PAGE 21
The Penal Cluster
by
Physically, Houston had been propelling himself toward the open door. At the instant of the revelation, he had been part way through it. And at that moment, Sager acted.
He slammed all his weight violently against his side of the door, knocking Houston off balance as the door swung and struck him. He went down, and Sager was on top of him before he struck the floor.
It was the weirdest battle ever fought, but its true worth could only have been detected by another telepath. It was intense and brutal.
The men fought both physically and mentally. They struggled for possession of the stun gun, at the same time hurling emotion-charged shafts of mental energy at each other’s brains.
The struggle lasted less than a minute. Somehow, Sager managed to get one hand on the gun, twisting it. Houston, trying to keep it out of Sager’s hand, jerked it up between them.
It coughed once, sending a beam of supersonic energy into the bodies of both men.
The effect was the same as if they had both been crowned with baseball bats.
* * * * *
Little pinpoints of light against a sea of darkness.
I’m cold, Houston thought. And I’m sick.
He couldn’t tell whether his eyes were open or closed–and he didn’t much care.
He tried to move his arms and legs, found he couldn’t, and gave it up.
He blinked.
My eyes must be open, he thought, if I can blink.
Well, then, if his eyes were open, why couldn’t he see anything? All he could see were the little pinpoints of light against a background of utter blackness.
Like stars, he thought.
Stars? STARS!
With a sudden rush, total awareness came back to him, and he realized with awful clarity where he was.
He was chained, spread-eagled, on an asteroid in the Penal Cluster, nearly a hundred million miles from Earth.
It was easy to piece together what had happened. He dimly remembered that he had started to wake up once before. It was a vague, confused recollection, but he knew what had taken place.
The PD Police, coming in response to his call, had found all four men unconscious from the effects of the stun beam.
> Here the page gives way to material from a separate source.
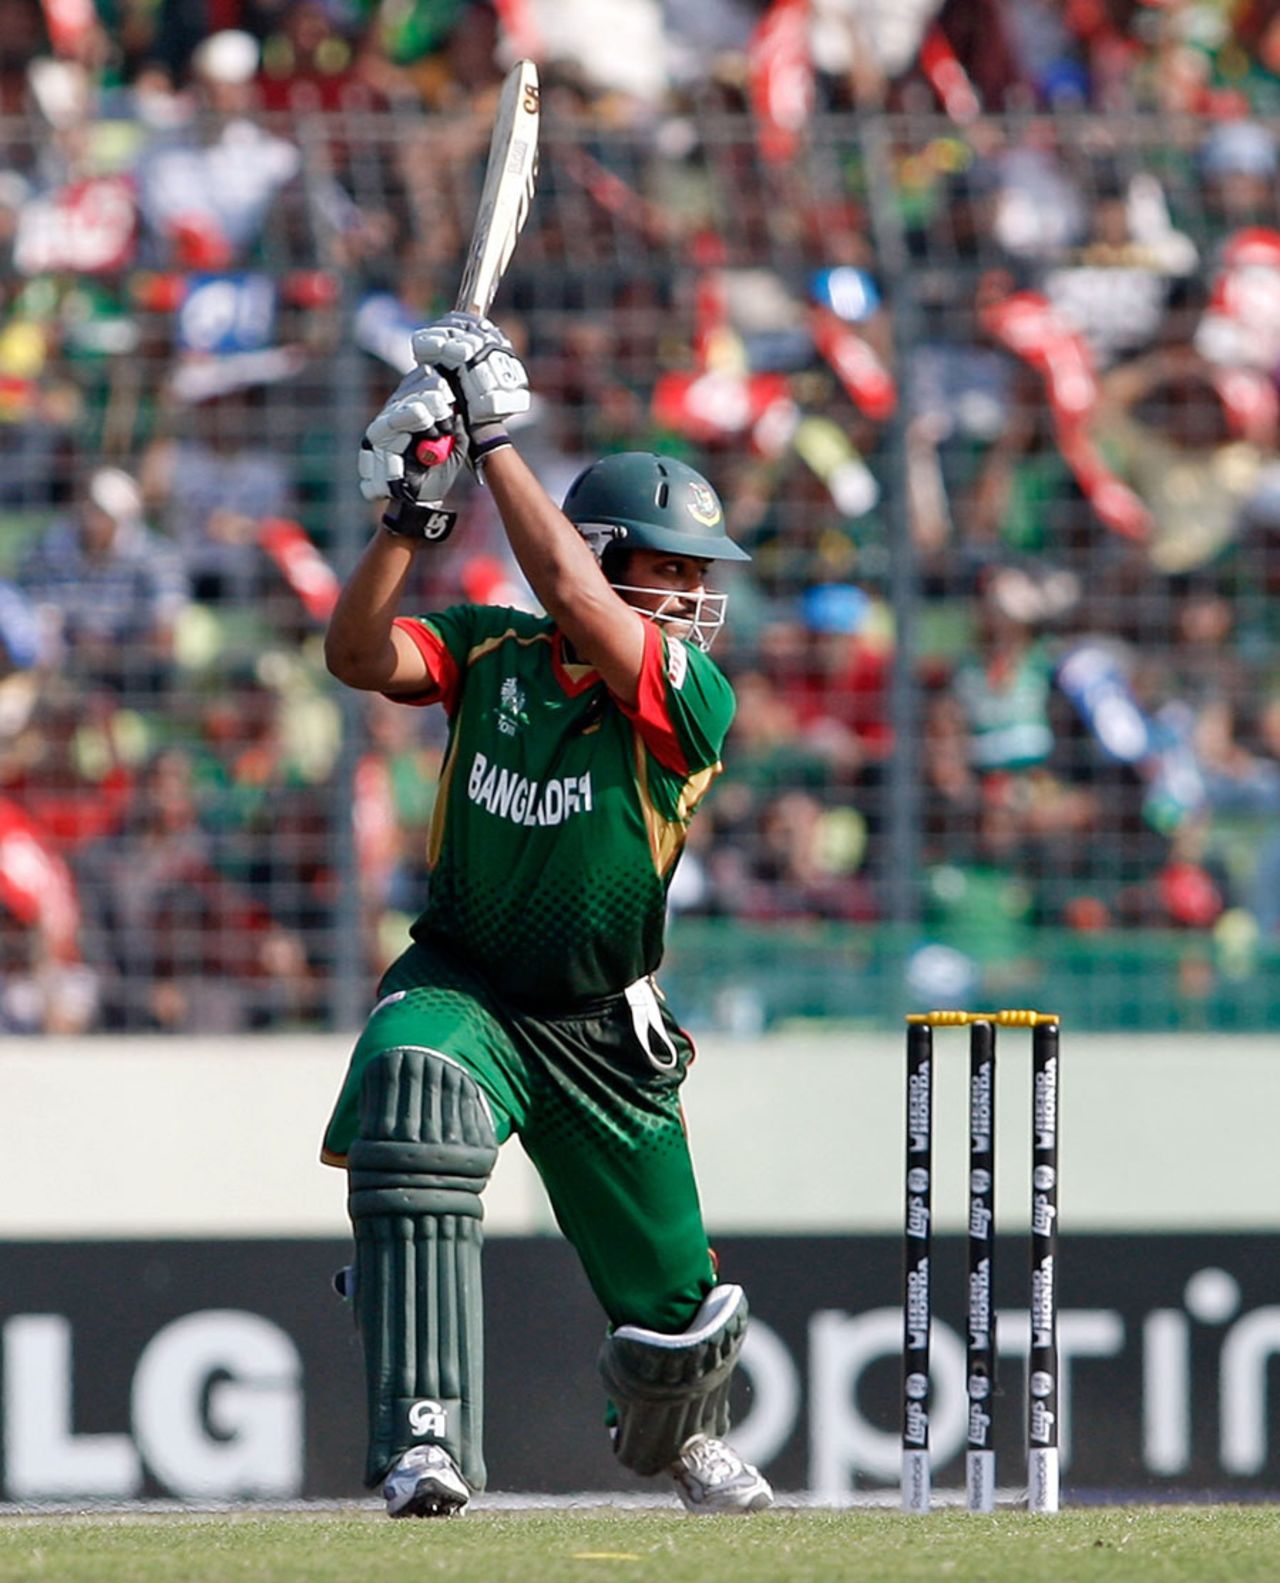 Tamim Iqbal brought the crowd alive with a blazing start to Bangladesh's innings, Bangladesh v Ireland, World Cup 2011, Mirpur, February 25, 2010

Naturally, all of them had been taken into custody; the PD Police had to find out which one of the men was the Controller and which the controlled. That could easily be tested by waiting until they began to wake up; the resulting mental disturbances would easily identify the telepath.
Houston could imagine the consternation that must have resulted when the PD men found that all three suspects–and their brother officer–were Controllers.
And now here he was–tried, convicted, and sentenced while he was unconscious–doomed to spend the rest of his life chained to a rock floating in space.
A sudden chill of terror came over him. Why wasn’t he asleep? Why wasn’t he under hibernene?
It’s their way of being funny, came a bitter thought. We’re supposed to be under hibernene, but we’re left to die, instead.
For a moment, Houston did not realize that the thought was not his own, so well did it reflect his own bitterness. It was bad enough to have to live out one’s life under the influence of the hibernation drug, but it was infinitely worse to be conscious. Under hibernene, he would have known nothing; his sleeping mind in his comatose body would never have realized what had happened to him. But this way, he would remain fully awake while his body used up the air too fast and his stomach became twisted with hunger pangs which no amount of intravenous feeding could quell. Oh, he’d live, all right–for a few months–but it would be absolute hell while he lasted. Insanity and catatonia would come long before death.